こう見てくると、青山学院にとって今回の箱根駅伝のポイントは次の3つになる。
エースの出来。
中間層。
そして、特殊区間。
特殊区間は青山学院にアドバンテージがありそうだが、「絶対に区間賞を取ります。区間2位に1分以上の差をつけます」と豪語する鶴川、淡々とエースの職務をこなす黒田(彼がレースで外したことを一度も見たことがない)、そして箱根で「決定打」を放ってきた太田。この3人と他校のエース陣との対決は、今回のレースの「華」となるだろう。
青山学院にとって、大きな不安要素となるのが「中間層」なのだ。田中悠登キャプテン(4年)は全日本のあと、こう話していた。
「今年の課題は、中間層の意識がもうひとつ上がってこないことです。なかには、来年頑張ればいいや、と思っている下級生がいるかもしれない。だとすると、厳しい。勝つためには、どうしても突き上げが重要なんです」
なぜ、突き上げが大切なのか。田中は自分の経験談として語る。
「前回、僕は8区に区間エントリーされていました。でも、下半身の痛みが耐えられないほどになって、年末になって泣く泣くあきらめざるを得ませんでした。でも、僕が出なくても圧勝だったわけです。

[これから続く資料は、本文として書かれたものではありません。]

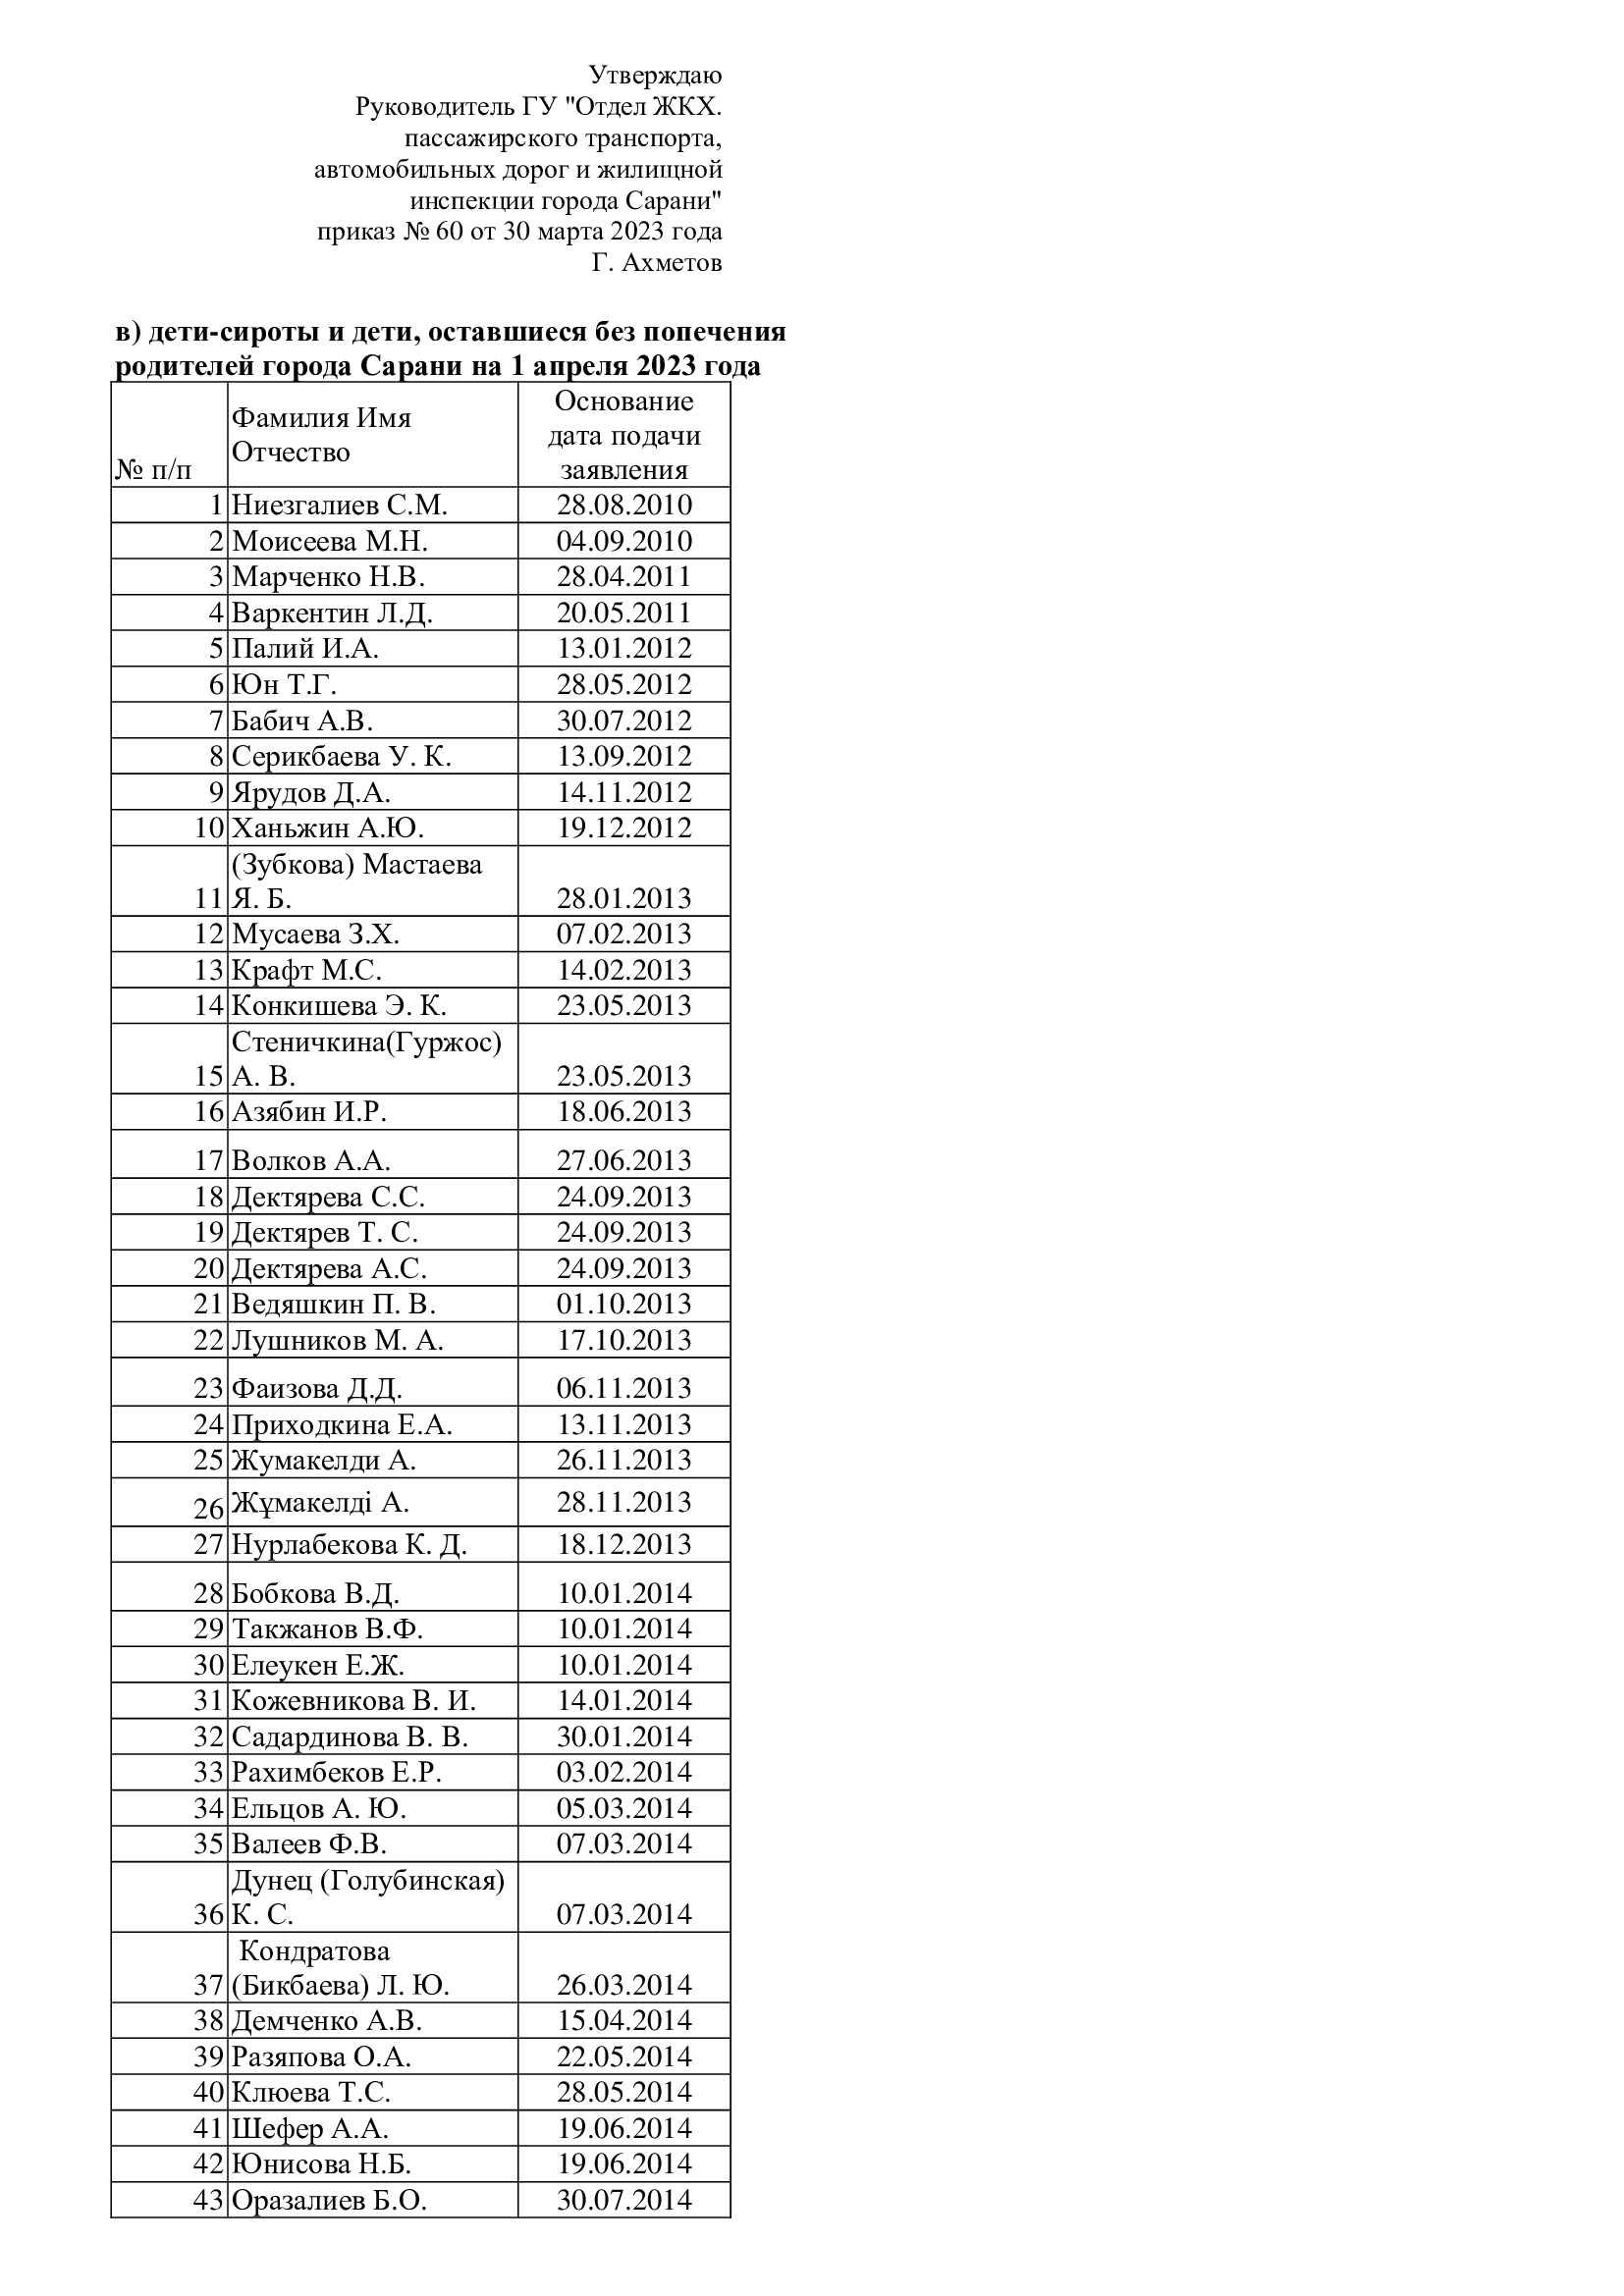 Список очередности граждан, нуждающихся в жилье из государственного жилищного фонда по состоянию на 1 апреля 2023 года по категории дети-сироты и дети, оставшиеся без попечения родителей

これまで4年間を見てきて、12月に入るとなにかしらアクシデントが起きます。去年だって、12月頭にインフルエンザが流行して、中旬には佐藤一世さん(現・SGホールディングス)が虫垂炎になったり。予測できないことは必ず起こる。その時にどれだけほかのメンバーがカバーできるか。それが箱根駅伝に勝つポイントなんじゃないかと思います」
全日本に敗れ、原監督は優しさを見せた。
ただし、箱根駅伝に向けては競争を促し、厳しさを見せたはずだ。
「國學院、駒澤、強い。でも、相手が強ければ強いほど、挑戦しがいがあるし、勝ったときの喜びは大きいよね」
ディフェンディング・チャンピオンは、挑戦者として「箱根駅伝2025」に挑む。